::: SOURCE DATA :::

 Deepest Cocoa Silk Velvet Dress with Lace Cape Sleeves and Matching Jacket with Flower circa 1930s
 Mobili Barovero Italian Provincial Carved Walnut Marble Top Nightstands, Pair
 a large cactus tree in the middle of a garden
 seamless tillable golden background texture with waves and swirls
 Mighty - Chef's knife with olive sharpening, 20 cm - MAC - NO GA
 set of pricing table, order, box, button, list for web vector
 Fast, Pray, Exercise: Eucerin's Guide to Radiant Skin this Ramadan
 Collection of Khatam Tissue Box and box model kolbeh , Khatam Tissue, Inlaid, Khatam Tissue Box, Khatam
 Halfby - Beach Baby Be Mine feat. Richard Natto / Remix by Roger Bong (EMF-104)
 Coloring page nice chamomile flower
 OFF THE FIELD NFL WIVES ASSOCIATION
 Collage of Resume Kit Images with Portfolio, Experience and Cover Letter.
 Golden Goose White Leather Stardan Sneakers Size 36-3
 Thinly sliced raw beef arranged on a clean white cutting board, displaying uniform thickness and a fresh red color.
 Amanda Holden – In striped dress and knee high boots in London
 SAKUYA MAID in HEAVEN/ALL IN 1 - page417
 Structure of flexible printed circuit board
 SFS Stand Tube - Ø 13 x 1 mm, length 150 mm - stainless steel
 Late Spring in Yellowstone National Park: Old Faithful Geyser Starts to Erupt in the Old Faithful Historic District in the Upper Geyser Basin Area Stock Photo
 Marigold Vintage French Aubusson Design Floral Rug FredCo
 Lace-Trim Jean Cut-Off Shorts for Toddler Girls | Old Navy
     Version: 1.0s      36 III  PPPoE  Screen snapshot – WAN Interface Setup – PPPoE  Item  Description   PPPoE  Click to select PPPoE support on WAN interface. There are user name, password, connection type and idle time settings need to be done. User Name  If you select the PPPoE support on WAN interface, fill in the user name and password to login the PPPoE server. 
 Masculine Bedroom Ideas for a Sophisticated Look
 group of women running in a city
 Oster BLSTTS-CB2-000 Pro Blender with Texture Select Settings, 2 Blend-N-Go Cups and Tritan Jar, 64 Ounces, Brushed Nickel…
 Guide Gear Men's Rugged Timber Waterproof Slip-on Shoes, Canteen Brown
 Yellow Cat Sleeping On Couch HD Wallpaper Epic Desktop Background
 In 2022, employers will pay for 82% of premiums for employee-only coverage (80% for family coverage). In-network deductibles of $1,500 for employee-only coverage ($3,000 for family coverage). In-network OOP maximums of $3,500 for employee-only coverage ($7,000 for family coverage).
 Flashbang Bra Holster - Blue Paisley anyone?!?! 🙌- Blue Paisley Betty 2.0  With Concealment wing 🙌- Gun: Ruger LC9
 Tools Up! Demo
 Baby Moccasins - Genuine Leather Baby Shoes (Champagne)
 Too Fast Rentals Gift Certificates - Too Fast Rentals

:::

_EXERCISE PROMPT_
Show each line from the listing above that includes the word "Baby".

_EXERCISE SOLUTION_
 Halfby - Beach Baby Be Mine feat. Richard Natto / Remix by Roger Bong (EMF-104)
 Baby Moccasins - Genuine Leather Baby Shoes (Champagne)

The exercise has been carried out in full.